**Exercise brief**: The listing below holds pictures; exclude them. Return exactly the lines from the one with "Al via campagna di solidarietà per Cuba" through the one with "Anand Mahal".

**Information shown**:
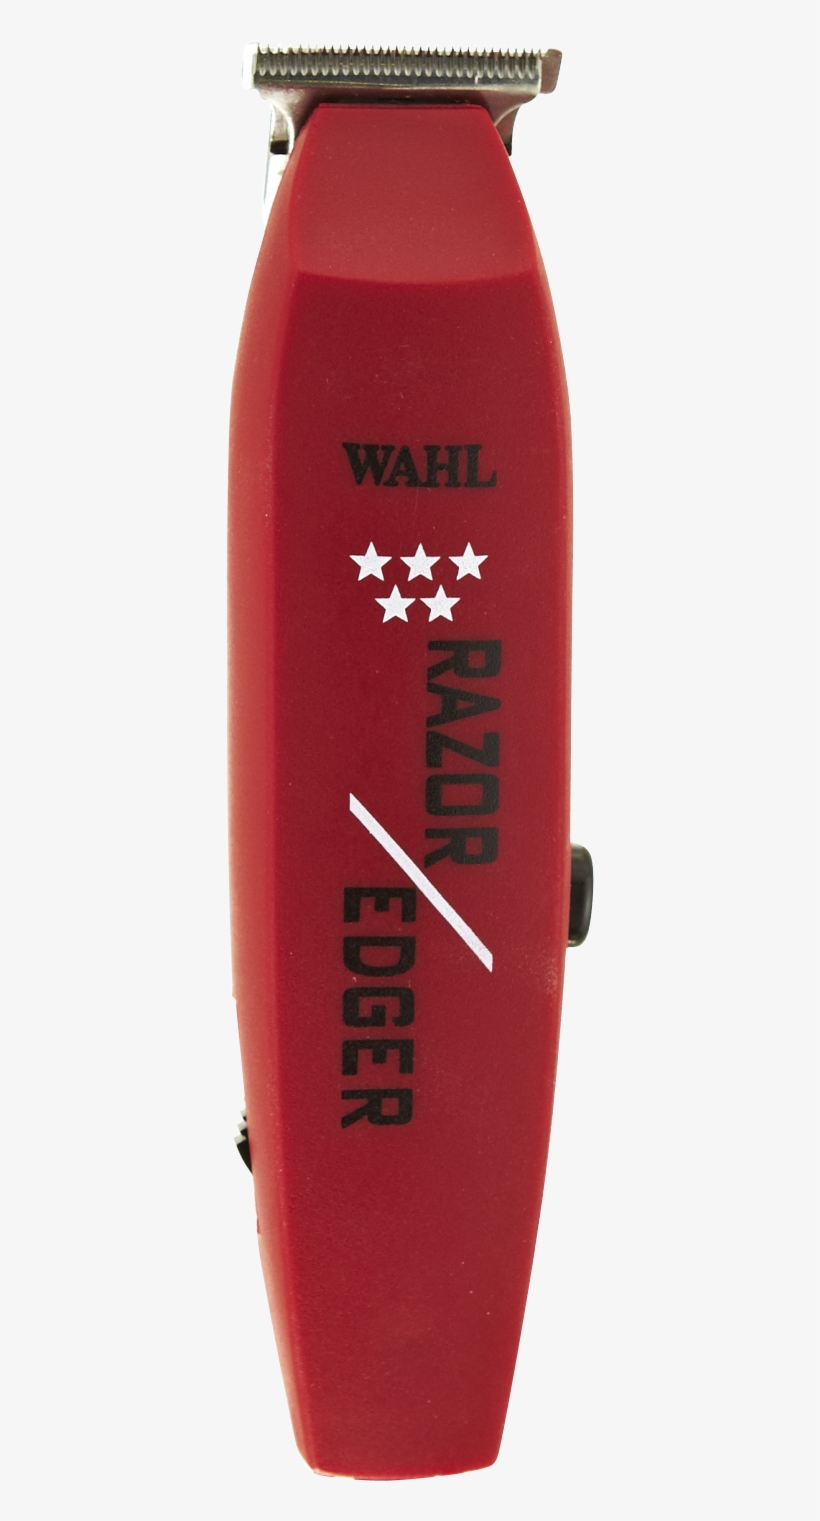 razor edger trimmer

...

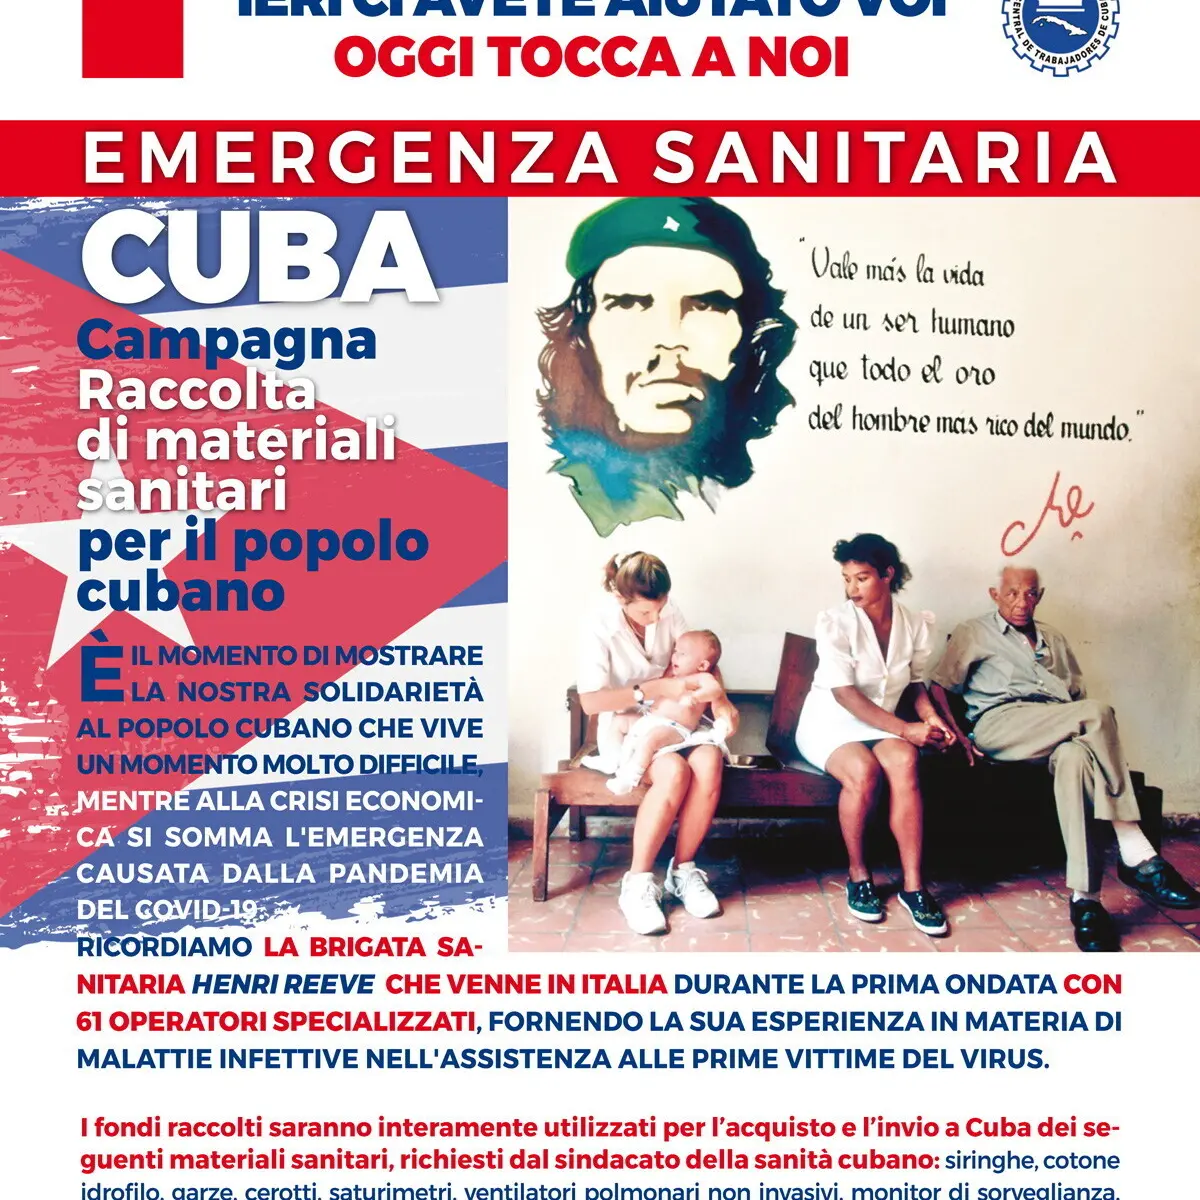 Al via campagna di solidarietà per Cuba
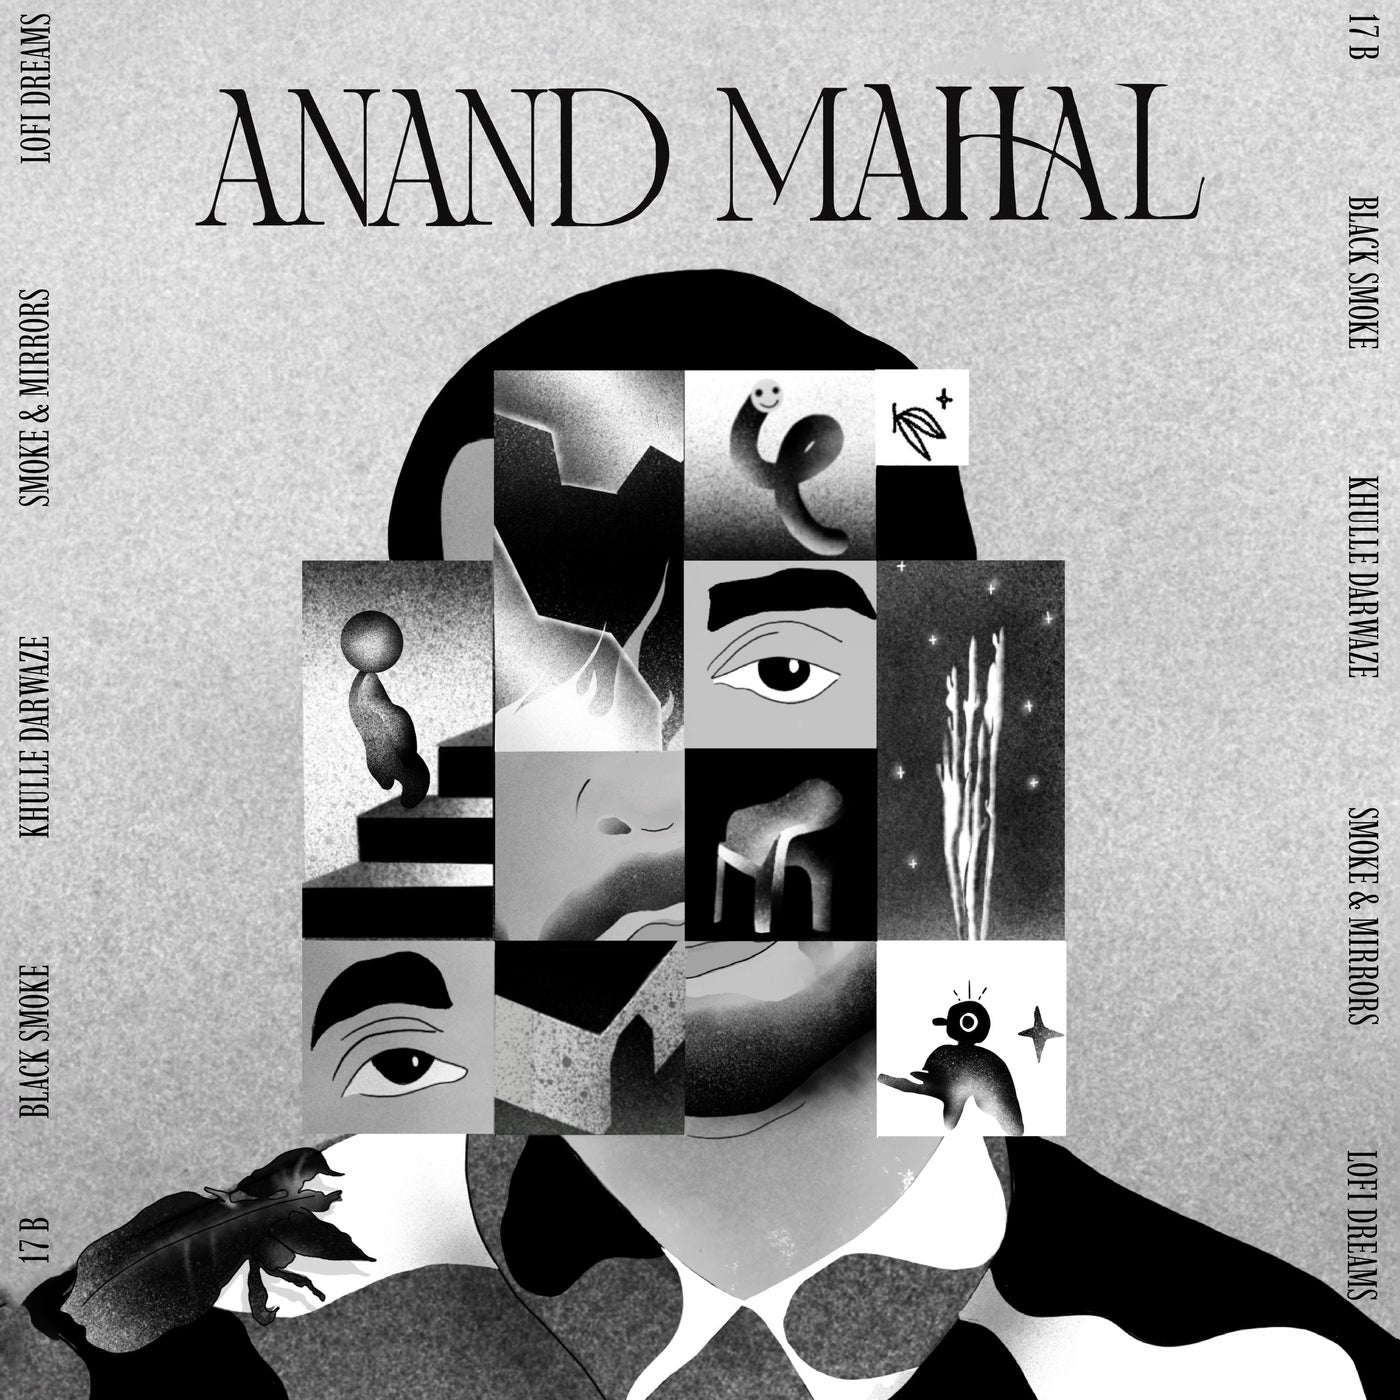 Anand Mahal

**Written solution**:
 Al via campagna di solidarietà per Cuba
 Anand Mahal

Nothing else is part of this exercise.